Material supplied Start Marker

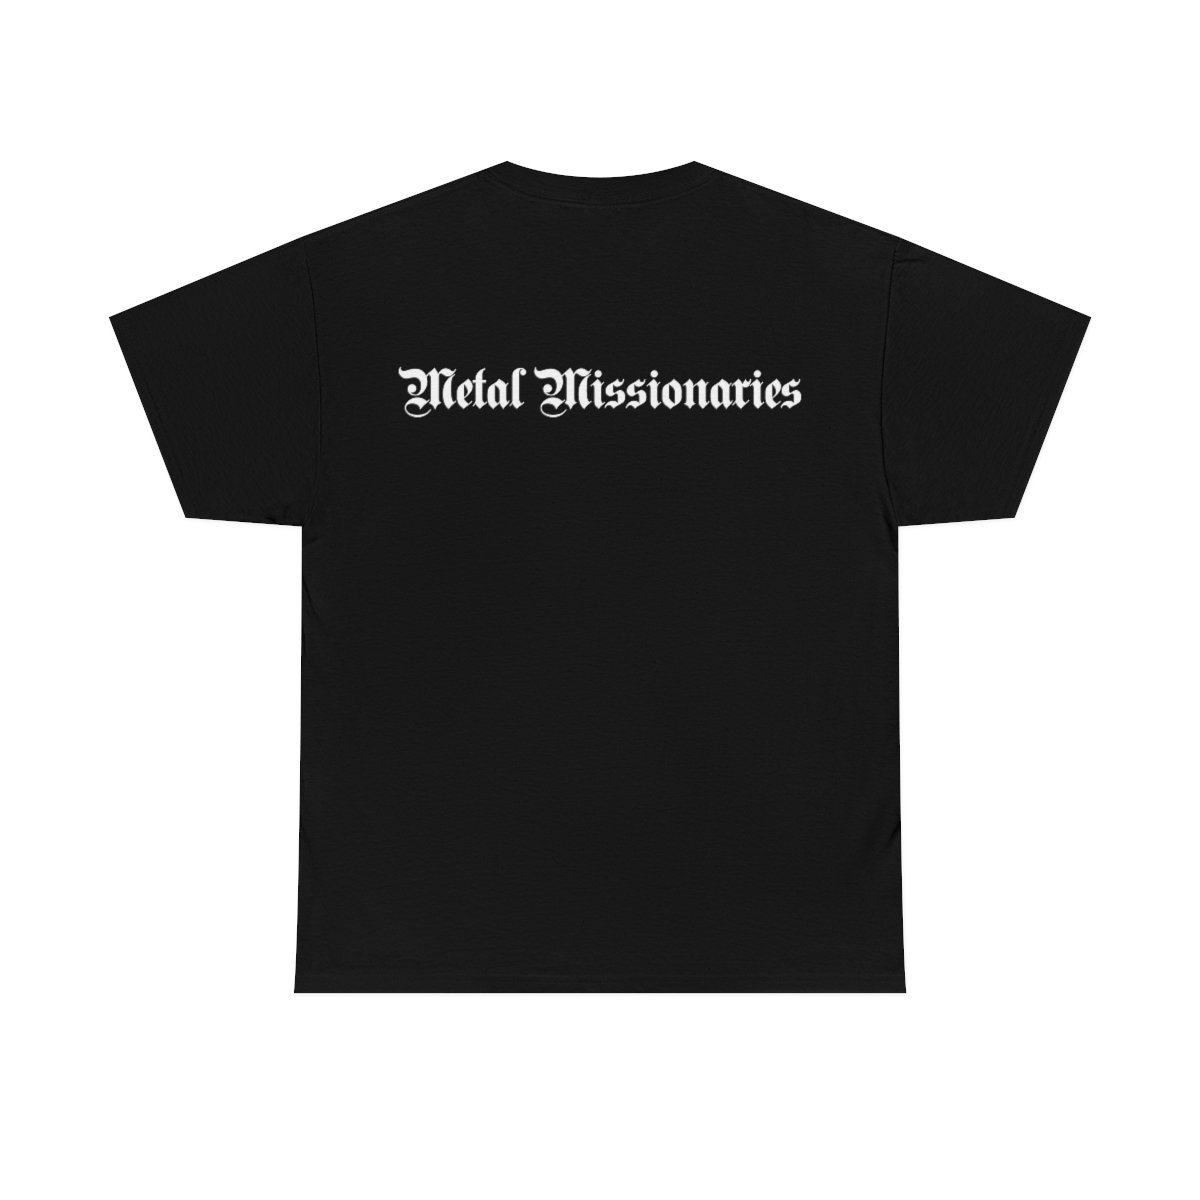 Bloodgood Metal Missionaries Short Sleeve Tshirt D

Material supplied End Marker
Material supplied Start Marker

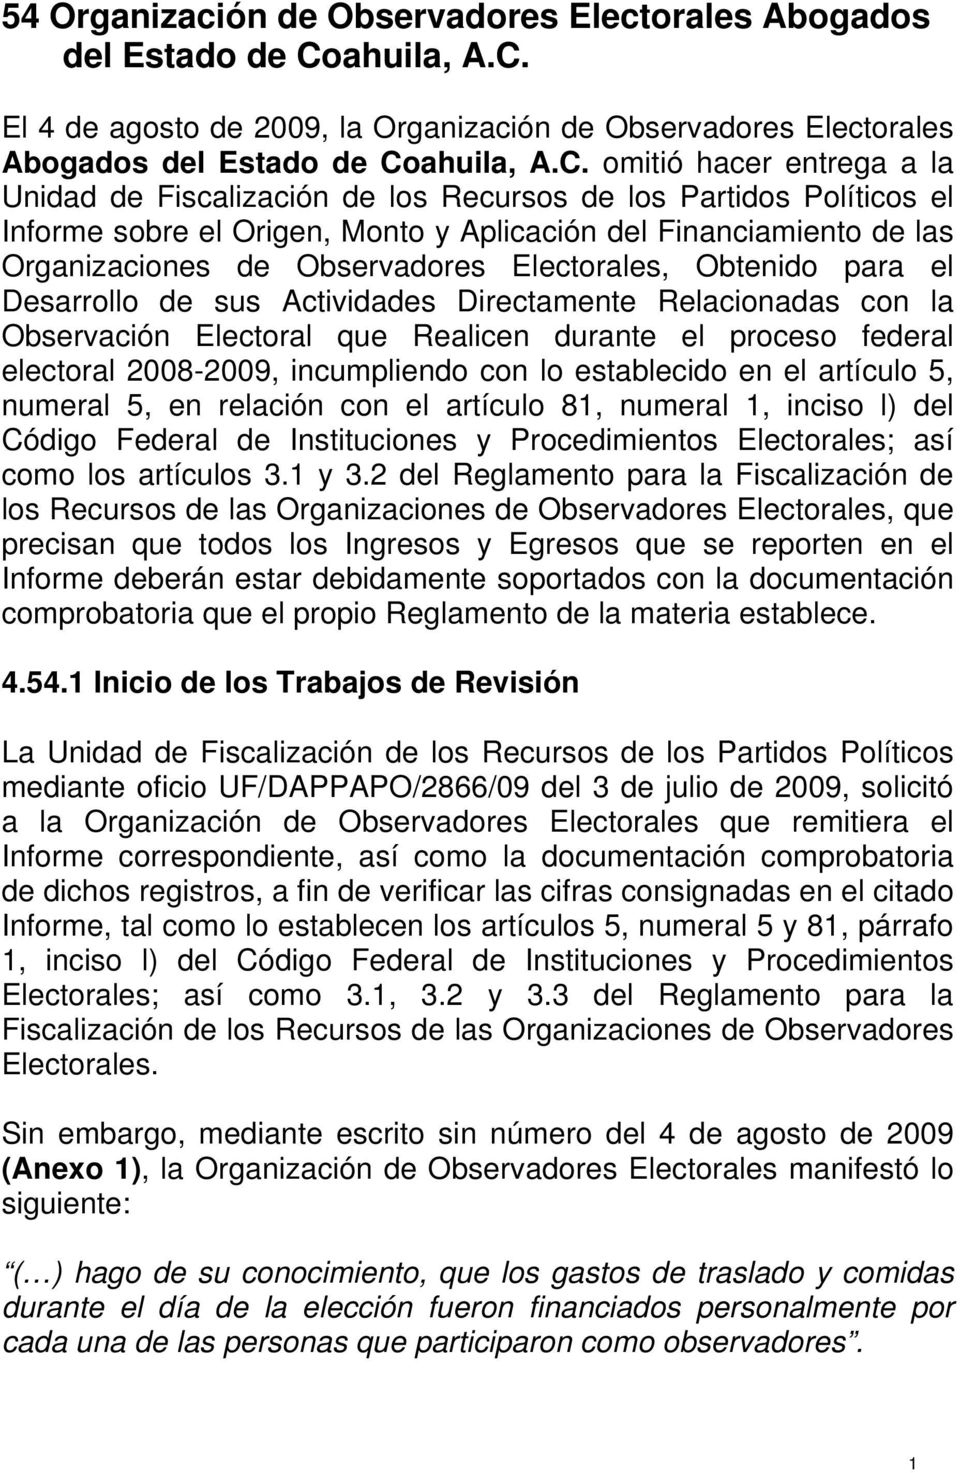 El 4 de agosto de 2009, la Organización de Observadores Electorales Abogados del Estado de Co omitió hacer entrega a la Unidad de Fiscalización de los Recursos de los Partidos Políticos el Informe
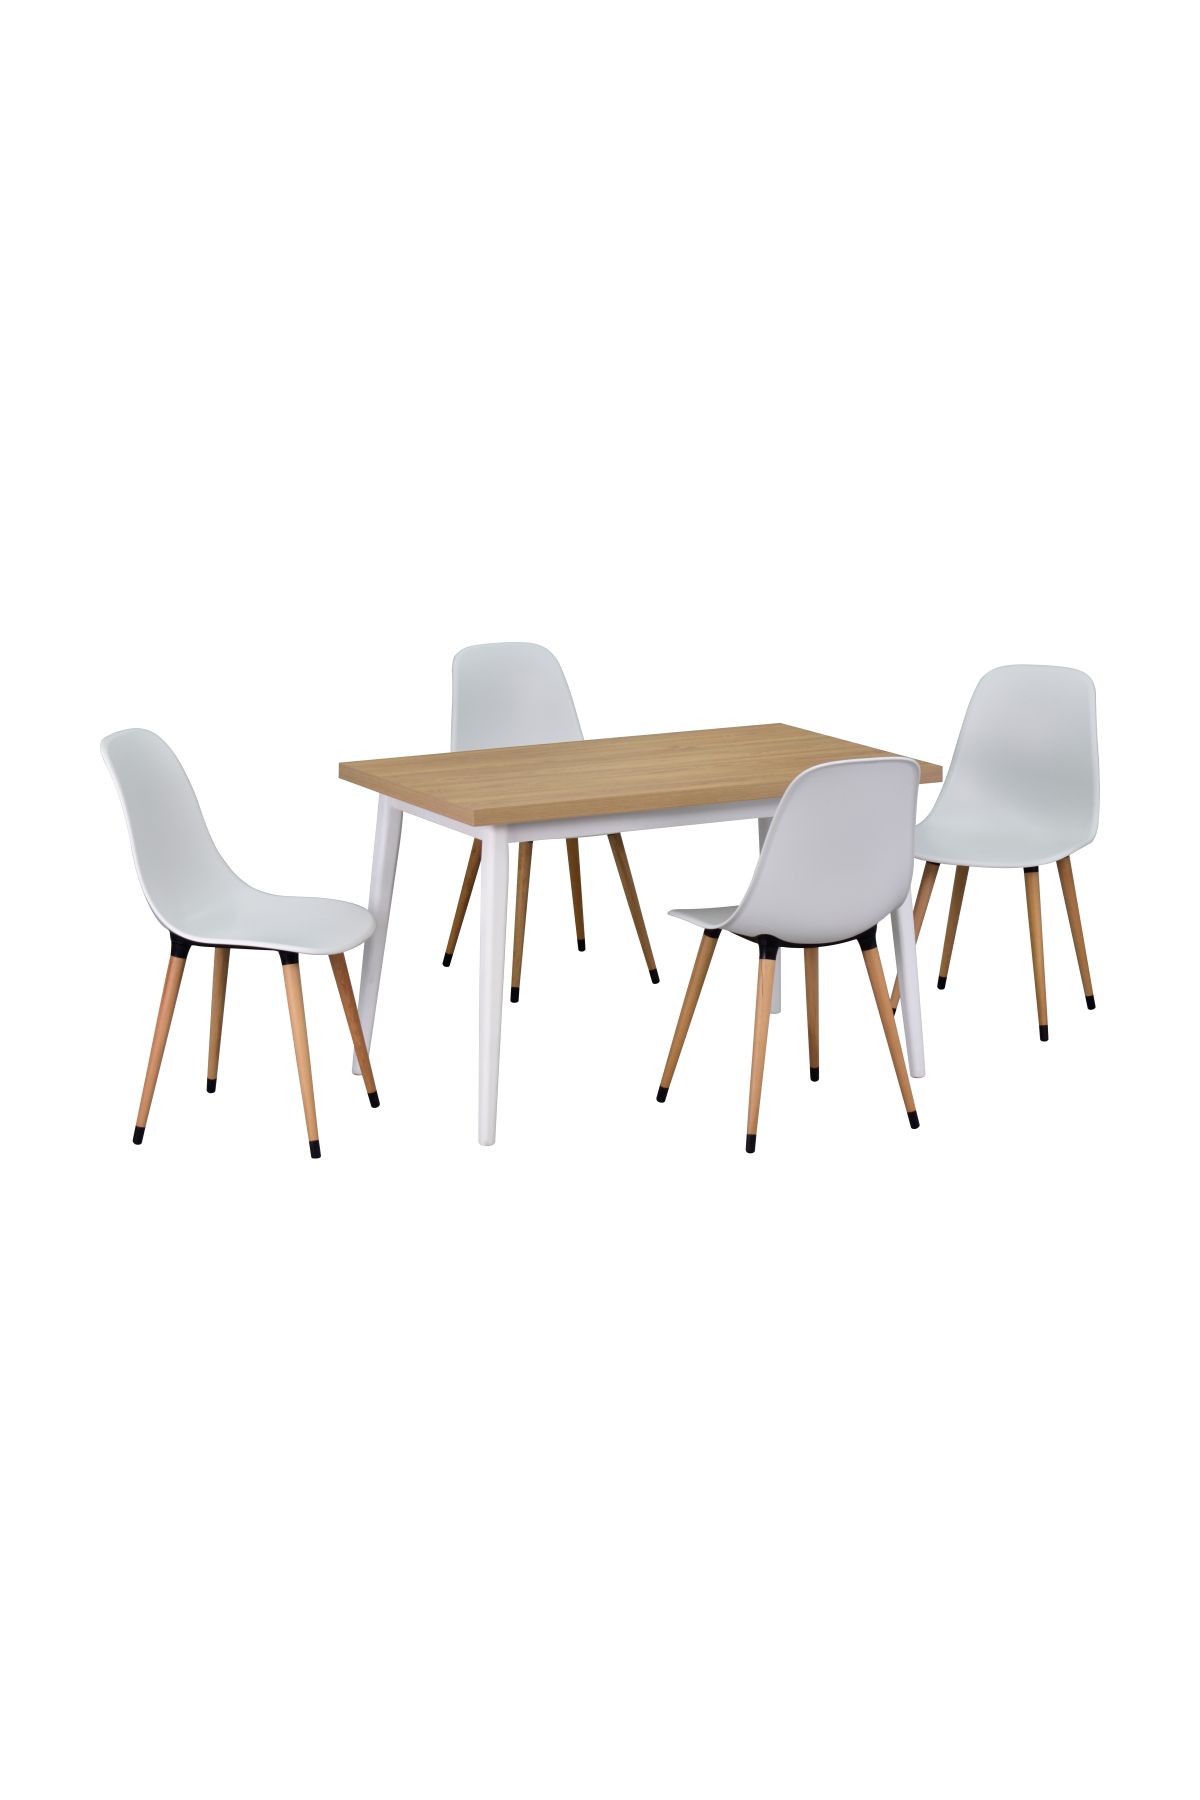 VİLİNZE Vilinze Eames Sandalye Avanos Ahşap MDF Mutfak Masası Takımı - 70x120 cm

Material supplied End Marker
Material supplied Start Marker

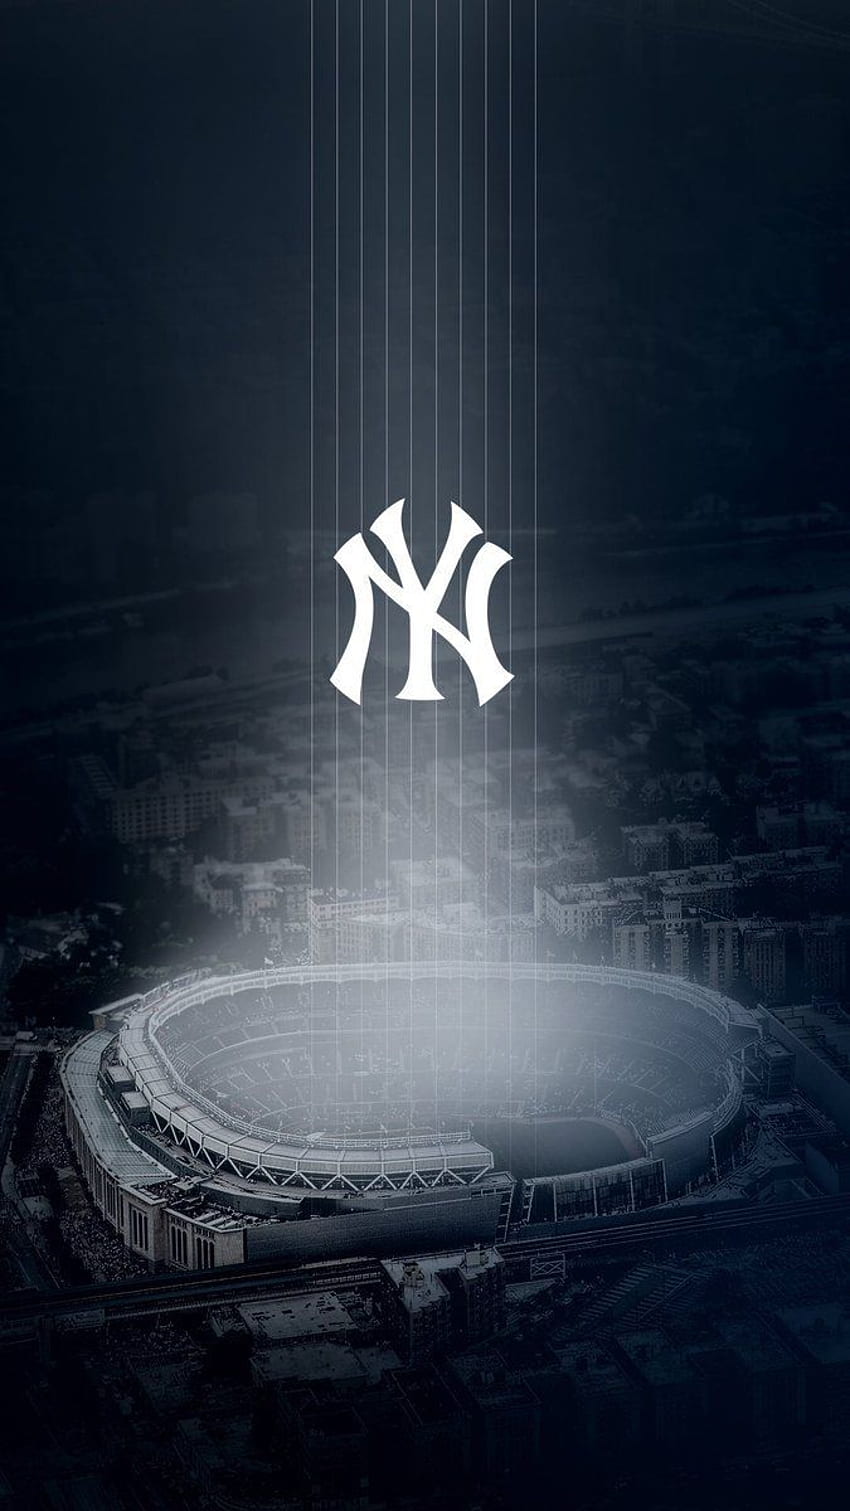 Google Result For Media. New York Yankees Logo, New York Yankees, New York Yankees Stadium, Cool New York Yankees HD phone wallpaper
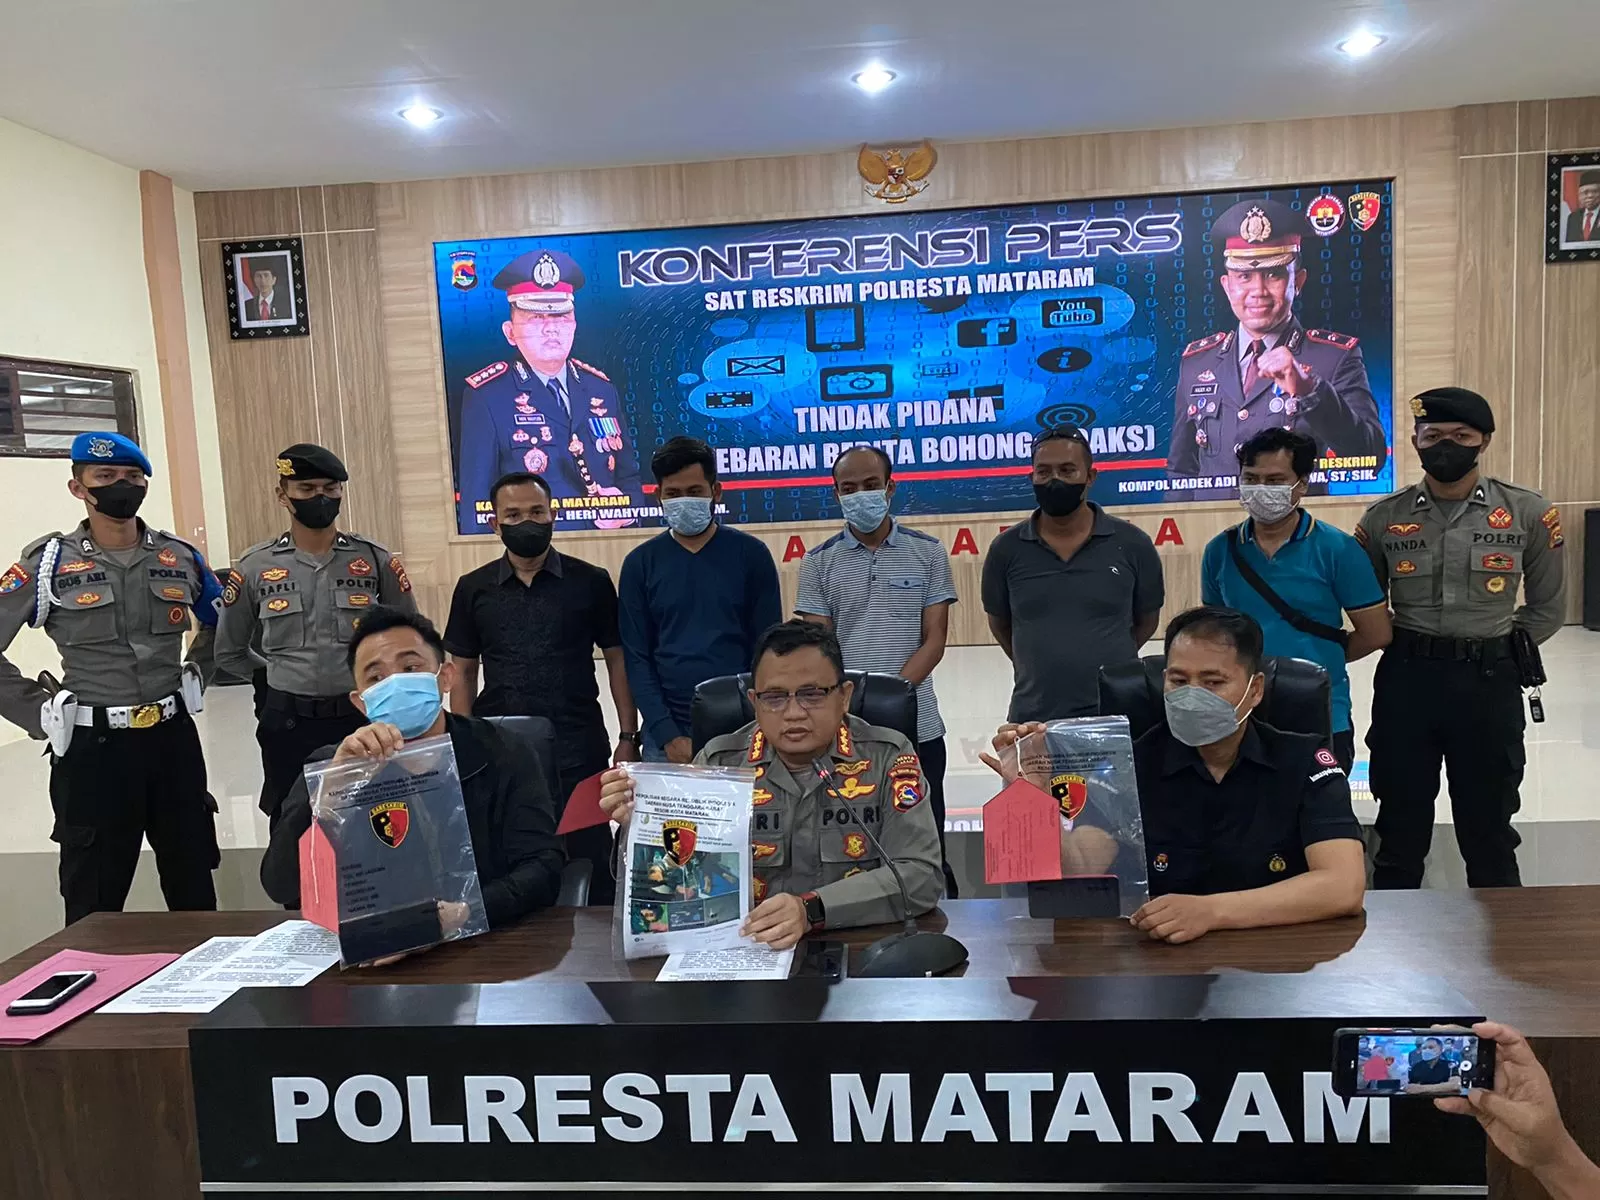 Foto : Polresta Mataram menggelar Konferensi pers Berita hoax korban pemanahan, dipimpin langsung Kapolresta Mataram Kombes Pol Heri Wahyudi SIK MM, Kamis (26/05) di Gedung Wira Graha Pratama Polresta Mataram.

Material supplied End Marker

■ How to complete this task
Make an exact copy of the lines above, beginning with the line with "Google Result For" and ending with the line with "Foto : Polresta", and keep the pictures out of it.

■ Output of the exercise
 Google Result For Media. New York Yankees Logo, New York Yankees, New York Yankees Stadium, Cool New York Yankees HD phone wallpaper
 Foto : Polresta Mataram menggelar Konferensi pers Berita hoax korban pemanahan, dipimpin langsung Kapolresta Mataram Kombes Pol Heri Wahyudi SIK MM, Kamis (26/05) di Gedung Wira Graha Pratama Polresta Mataram.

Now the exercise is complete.